I don’t see an argument that an sacrament is invalidated by certain “accidentals.” However, the objection is that the handling of the host is properly the privilege and province of the priest. Once laity start doing it, the stature of the priest is diminished. The use of the chalice renders and an impression that Christ is not fully present in either form. Both of these are examples of protestant influences in the Church since Vatican 2. Sure the Holy Spirit is working but why do we have to excessively burden Him with a bunch of confusing and pointless innovations?
Unclear what you intend to say, “John Higgins,” but your comments are troublesome. First, “trusting the Holy Spirit,” is the prime excuse given by the Vatican and by many truly awful bishops and priest in the USA for despoiling the Mass, away from Catholic Tradition, and giving us the destruction of the institutional Church that we have today. From the Pope down, many, many in the Church avoid our Deposit of Faith and do whatever they want to at Mass and in the Sacraments. As to the Mass itself, yes, it does matter greatly how you worship and the reverence shown to God (lex orandi, lex credendi and all that). But then, few Catholics of today (as shown in polls) believe in the Real Presence anyway.

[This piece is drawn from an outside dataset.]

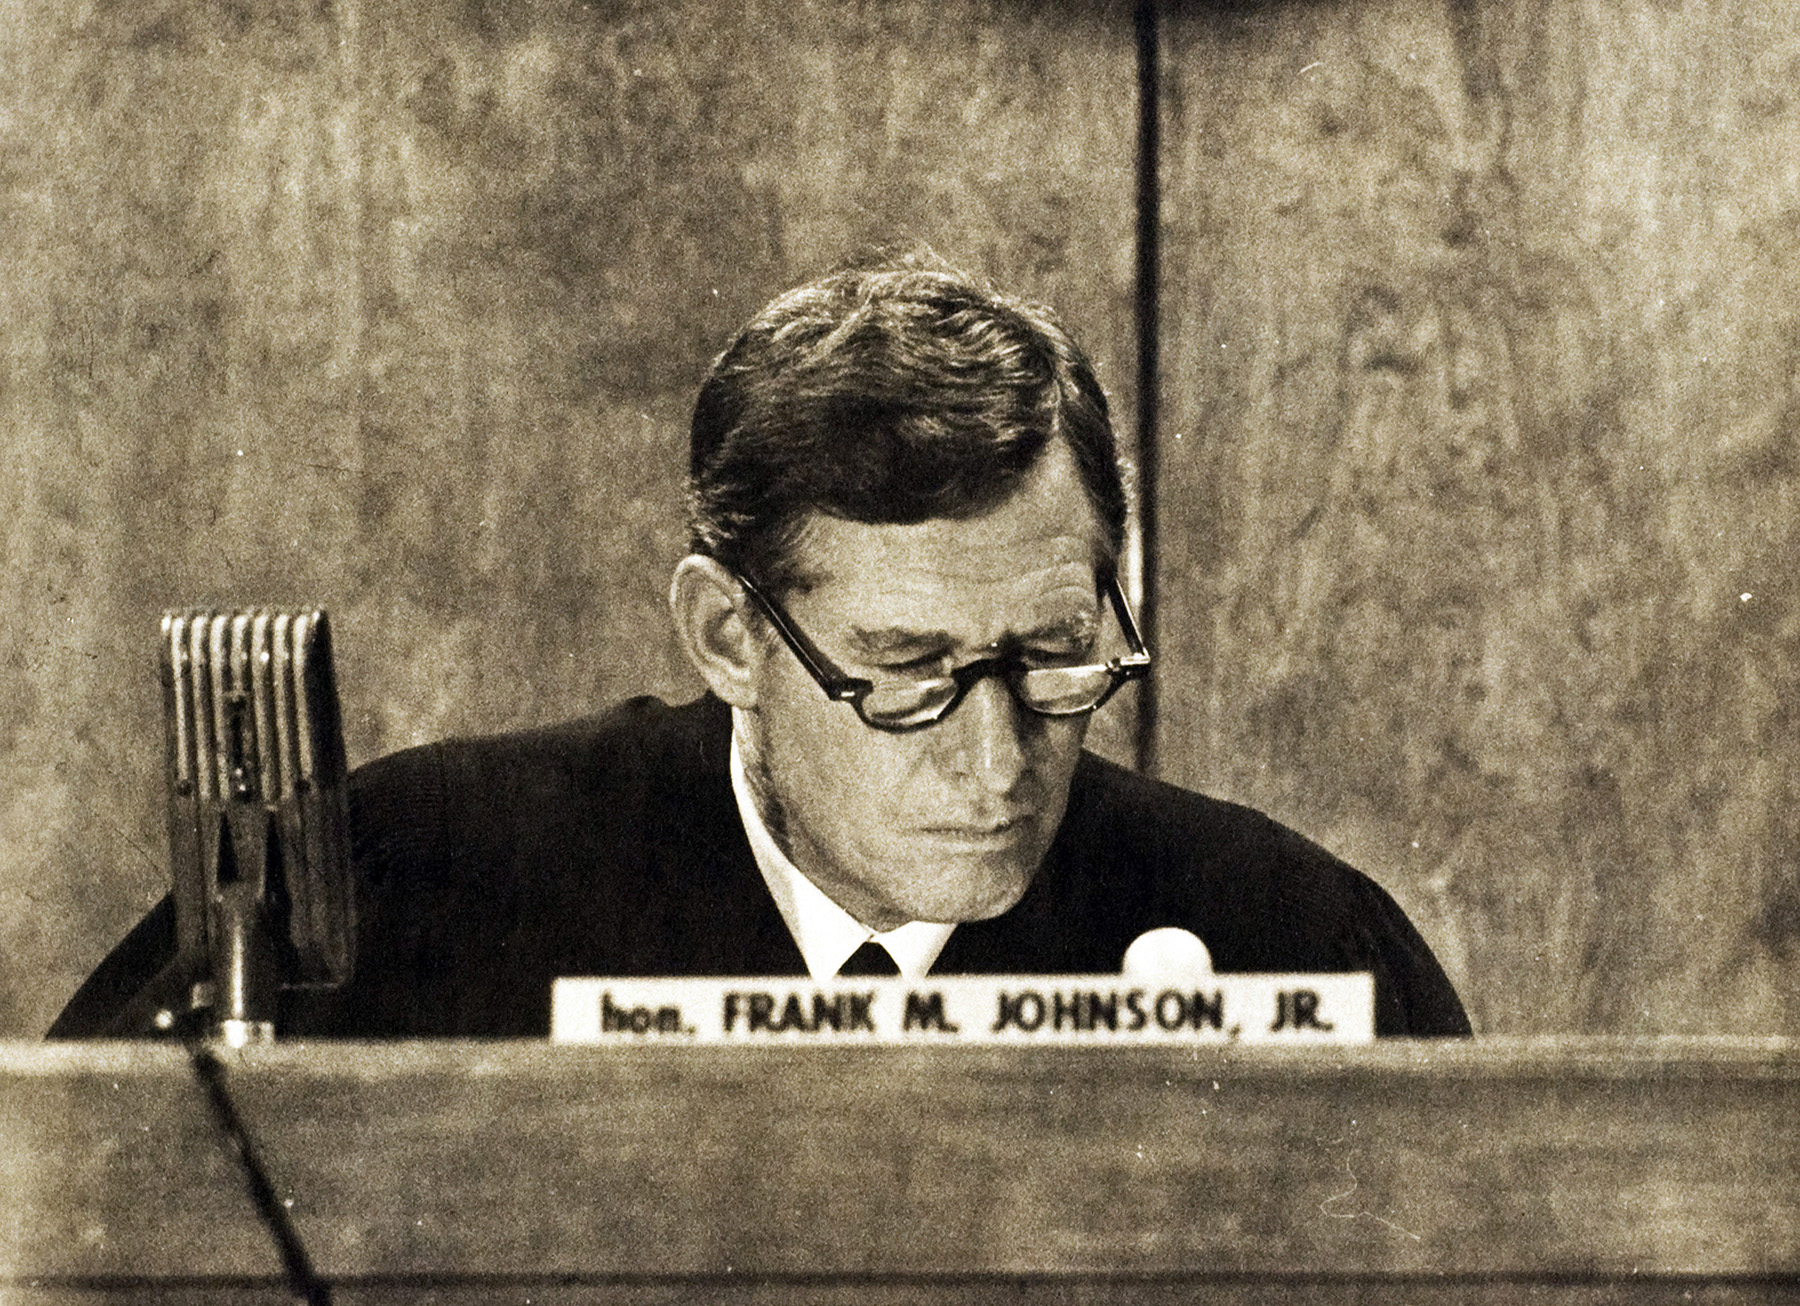 UA Law to Host Symposium Honoring Judge Frank M. Johnson Jr.

St. Christopher has it exactly right. All these things should be done away with, and not because of the spread of flue, but because they are not conducive to what the Mass is about, they are ways of taking attention away from the Lord and focusing on ourselves. And there is absolutely NO NEED for anyone to receive Our Lord in any other way but through the Most Blessed Sacrament which is the Body, Blood, Soul and Divinity of Our Lord.
If anyone has a link to a real medical study showing disease has ever been spread by a chalice, please post it here.

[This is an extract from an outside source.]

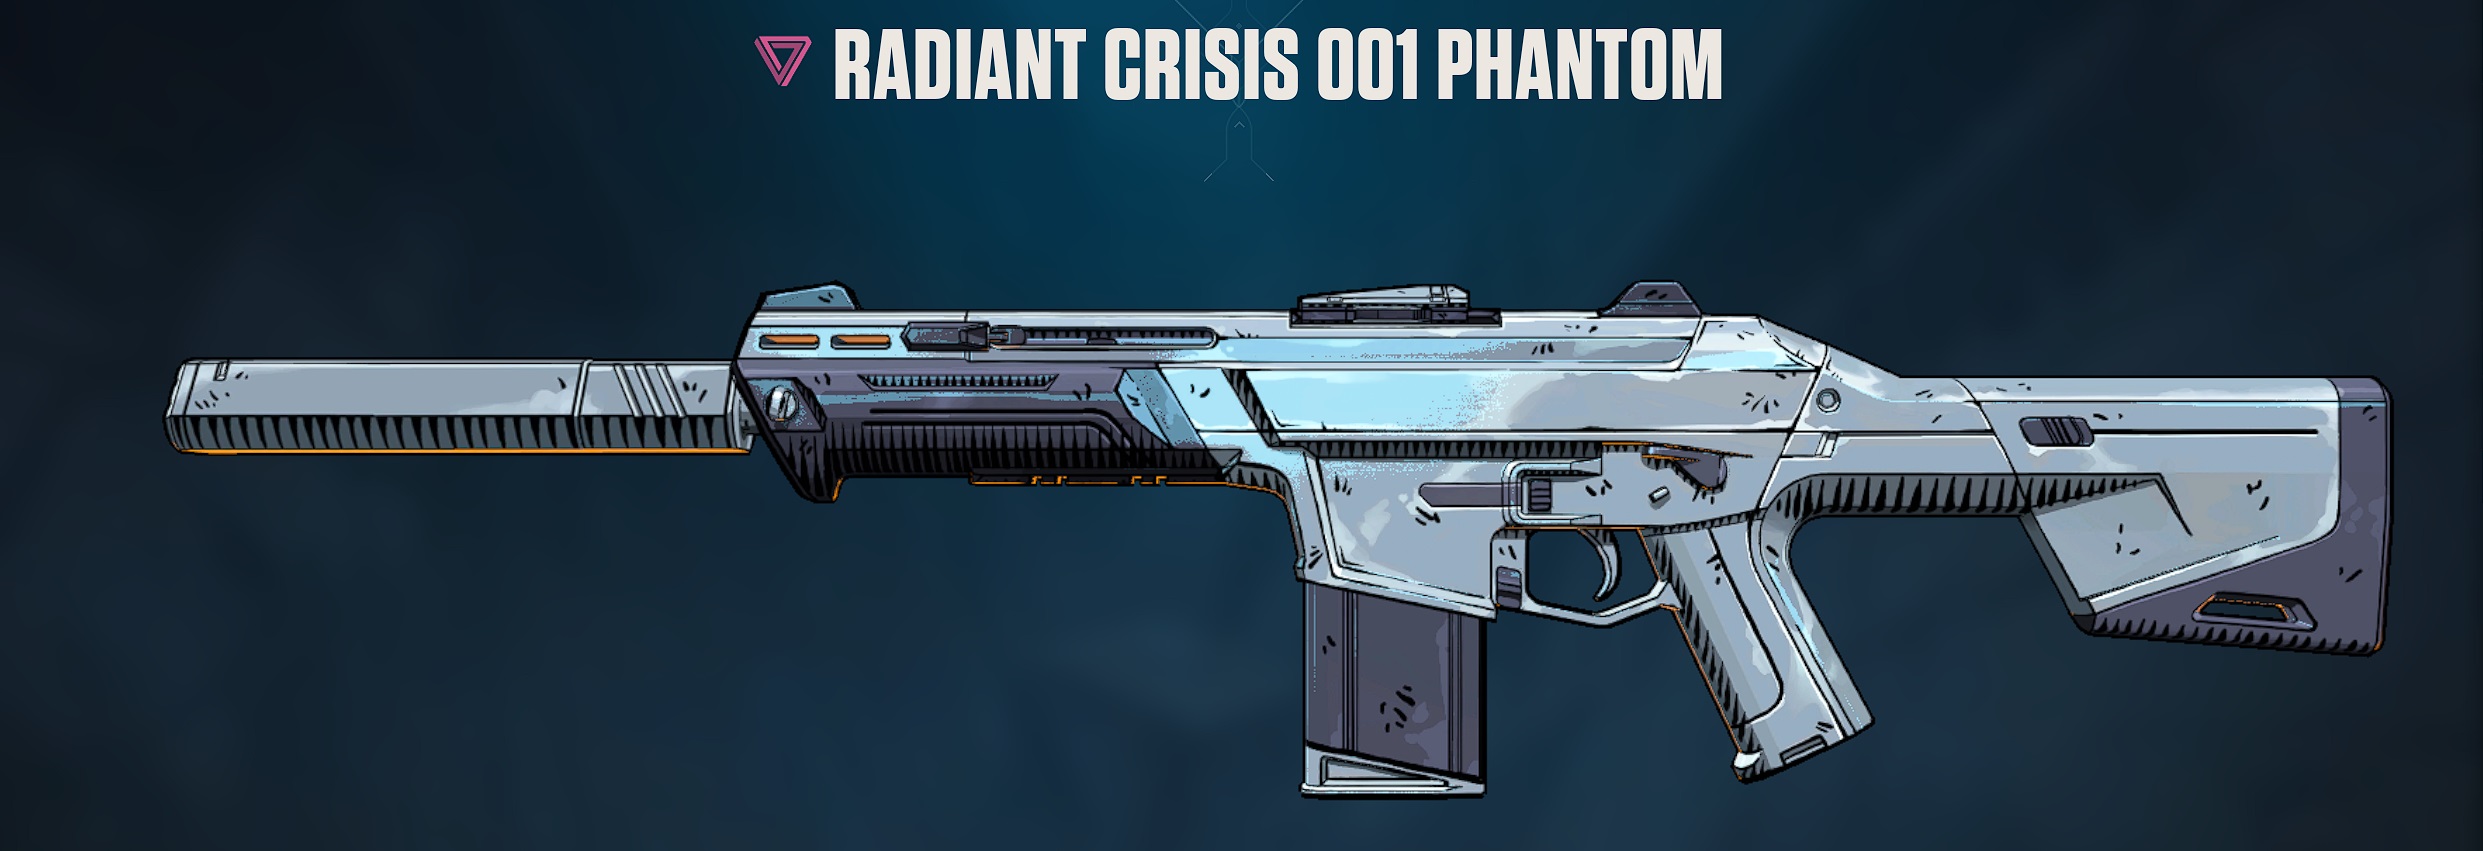 Radiant Crisis 001 Phantom - Screenshot

Joseph, although I do not take from the Holy Cup myself, I do bow my head when passing by it. Sometimes it is hard to do when so many Communion Cups are presented. It, of course, the decision of the bishops and those with the authority to decide whether or not to allow it. Nevertheless, It has not been the tradition of Eastern Rite Catholics nor the separated Eastern churches, nor the Latin Rite until fairly recently. There must have been grave reasons for that.
Correction to second line, last sentence: It is, of course, the decision of the bishops, etc., etc.

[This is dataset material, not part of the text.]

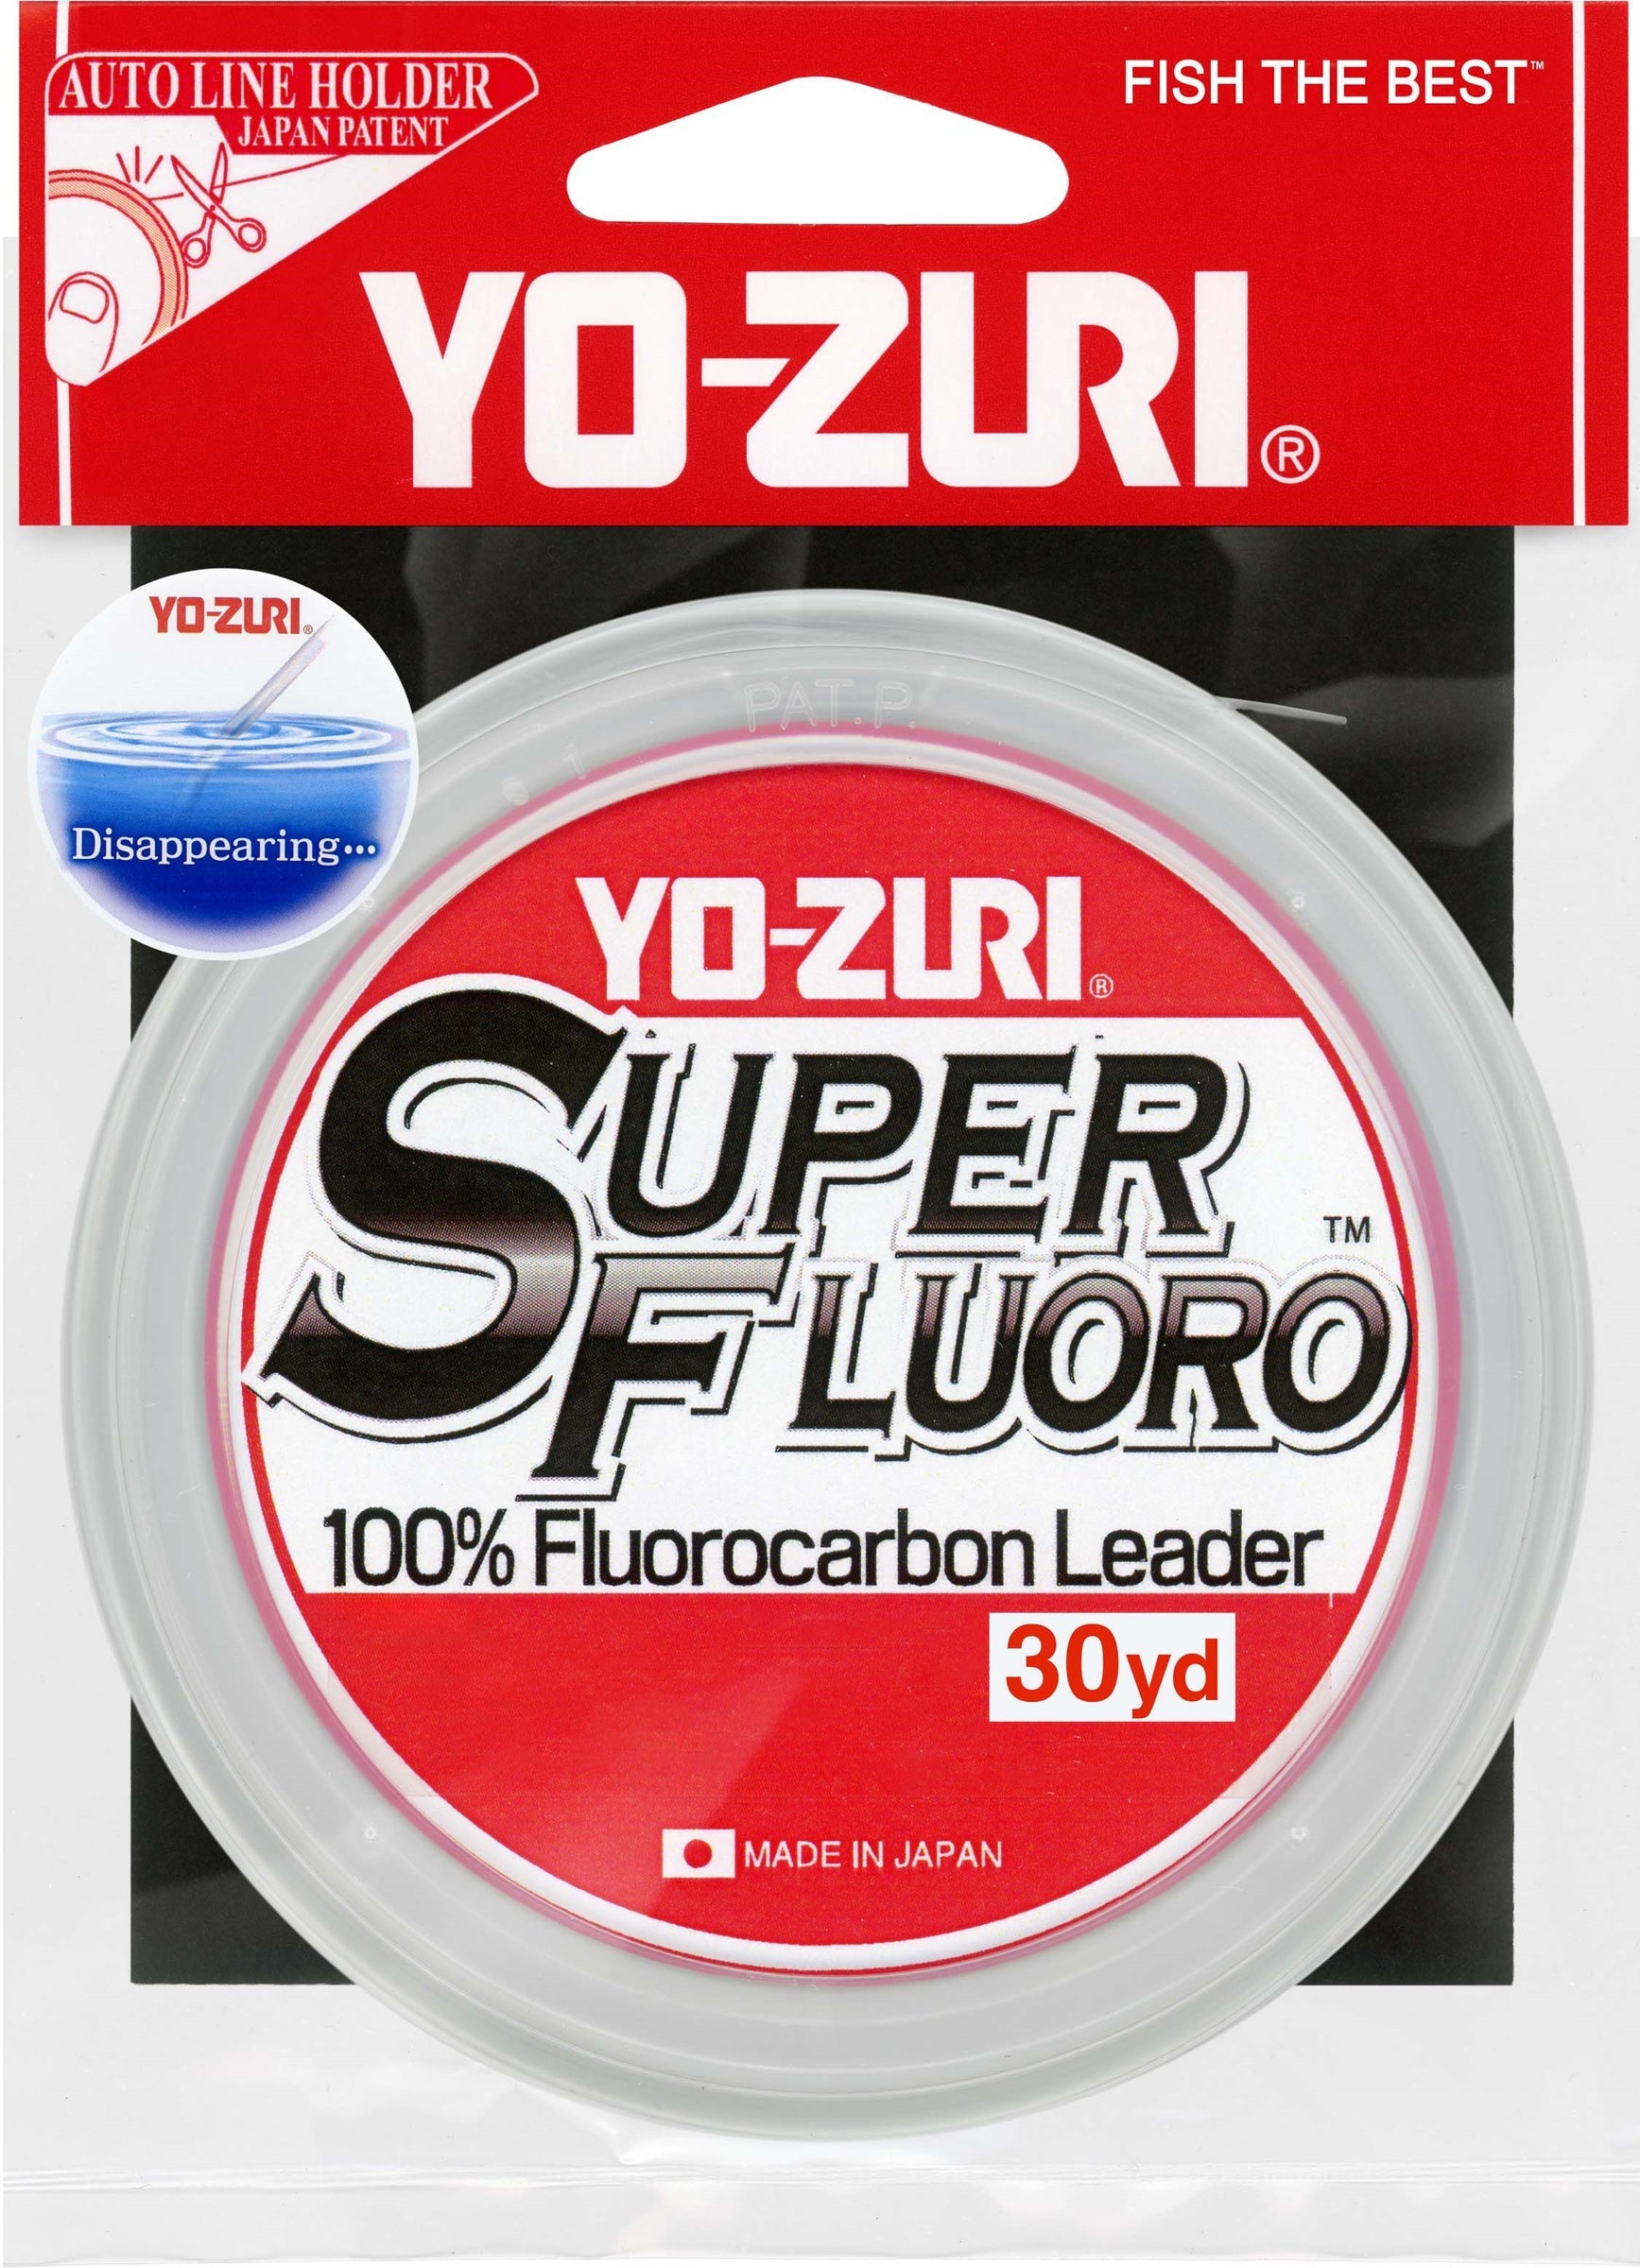 Yo-Zuri T7 Premium Fluorocarbon Fishing Line

“Let us all offer each other the sign of peace.” What sign of peace? Where is it specified that “the” sign of peace is a handshake? Or anything in particular for that matter?
Hugging , physical contact with other mass attendees is part of why Catholics in large numbers have dropped out of church attendance. Return the mass to the essential reason for observing. Discard new age emotionalism, entertainment, pulpit political activisitism, and restore sacredness to the ritual of reenactment of Jesus and His last supper.
Before 1962, none of these things were an issue.
For years, for decades, it’s all so sickeningly tiring, people holding hands at the Our Father, raising their arms and waving their hands in the air, hugging and giving high fives at the “sign” of peace. And nary a priest who says anything, ever, in terms of instruction, or how there is nothing in the rubrics even suggesting this. It’s all a bunch of monkey-see monkey-do by hoards of ignorant Catholics who have never done 5 minutes of theological reading, and to whom the idea that anything, much less everything, at Mass should be according to an authoritative basis (GIRM, anyone?). This is all the fault of a priesthood who apparently just doesn’t care. Again, decade after decade. It’s totally inexcusable.